- To do -
Produce a word-for-word copy of the listing below without its pictures.

- Data below -
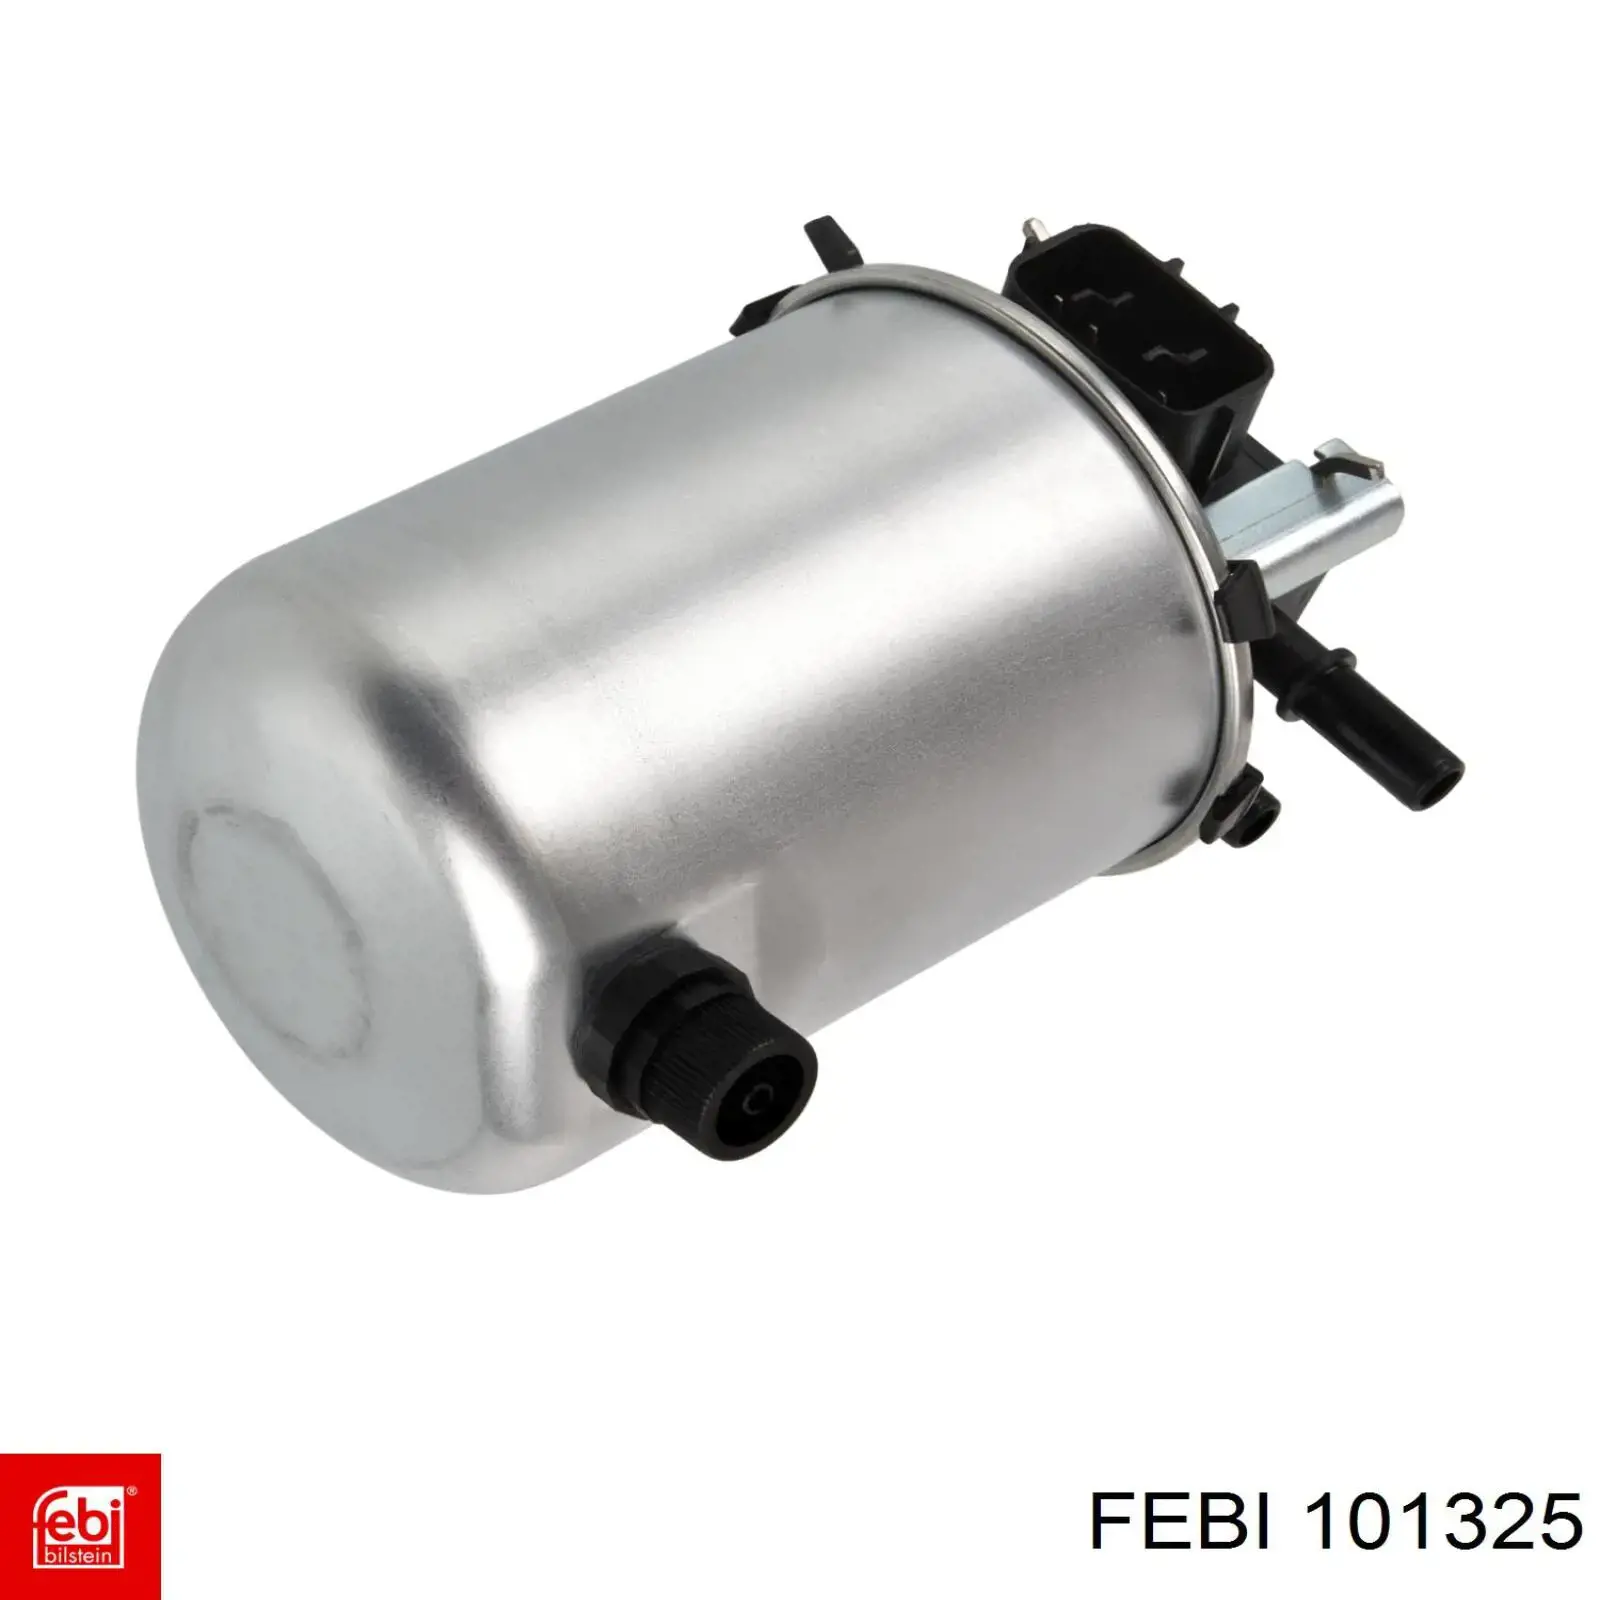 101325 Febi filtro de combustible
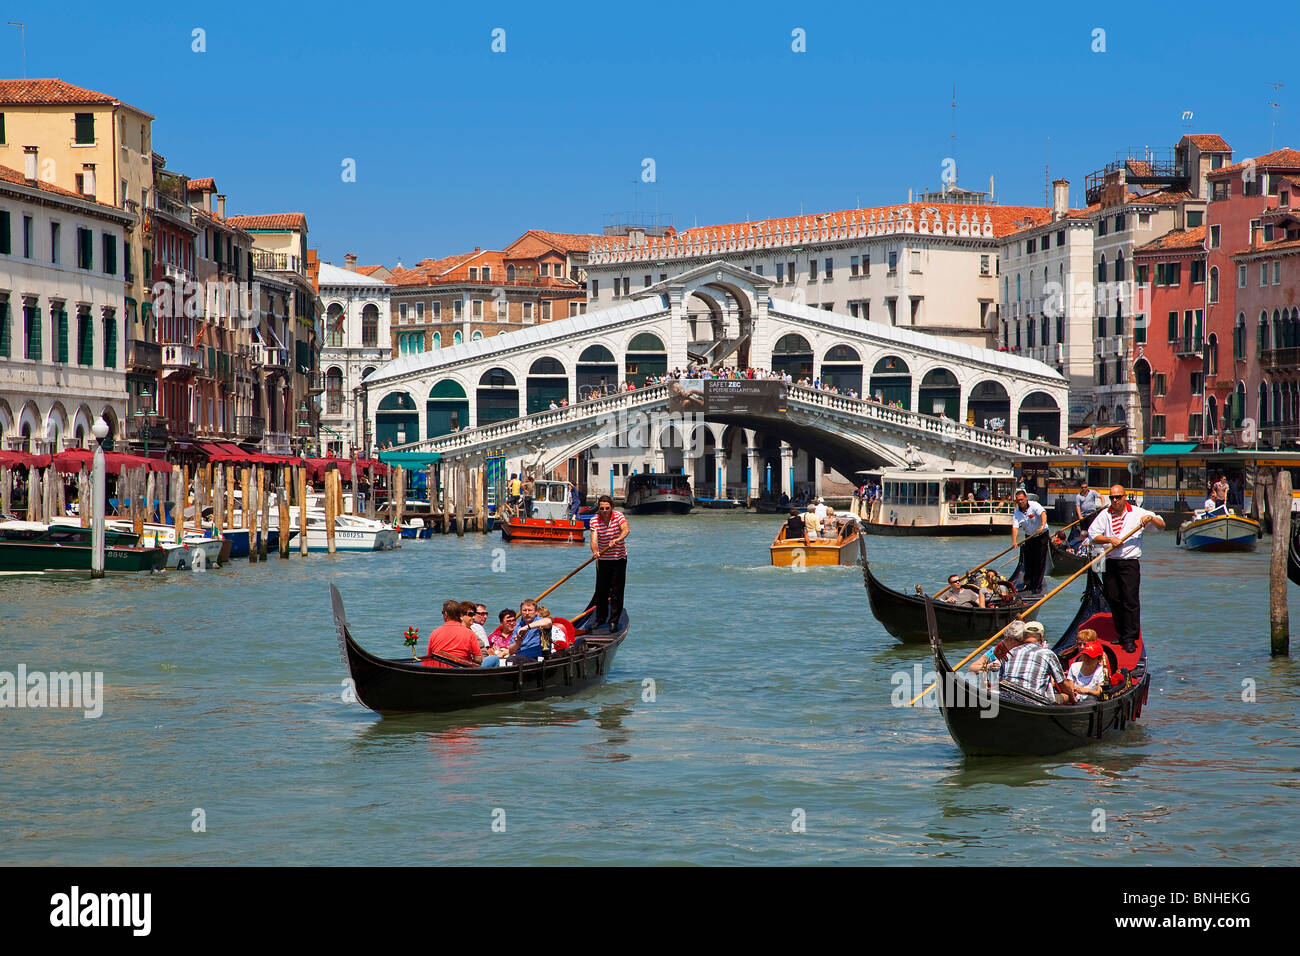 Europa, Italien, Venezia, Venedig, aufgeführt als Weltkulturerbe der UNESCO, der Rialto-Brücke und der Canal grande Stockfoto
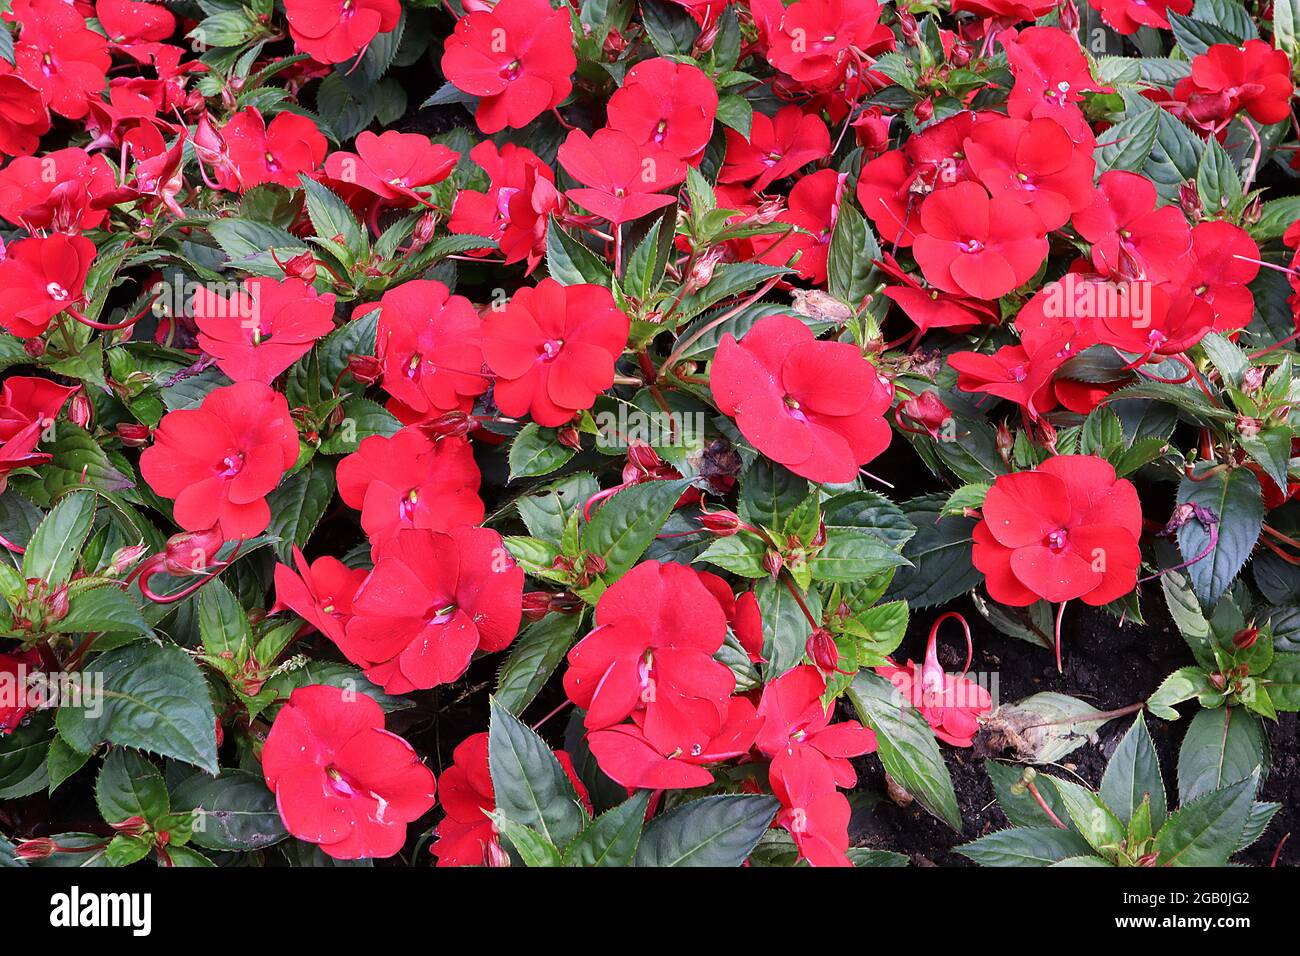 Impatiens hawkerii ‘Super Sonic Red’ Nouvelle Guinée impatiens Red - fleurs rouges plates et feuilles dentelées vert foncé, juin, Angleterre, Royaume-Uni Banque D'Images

- Response to the exercise -
 101325 Febi filtro de combustible
 Europa, Italien, Venezia, Venedig, aufgeführt als Weltkulturerbe der UNESCO, der Rialto-Brücke und der Canal grande Stockfoto
 Impatiens hawkerii ‘Super Sonic Red’ Nouvelle Guinée impatiens Red - fleurs rouges plates et feuilles dentelées vert foncé, juin, Angleterre, Royaume-Uni Banque D'Images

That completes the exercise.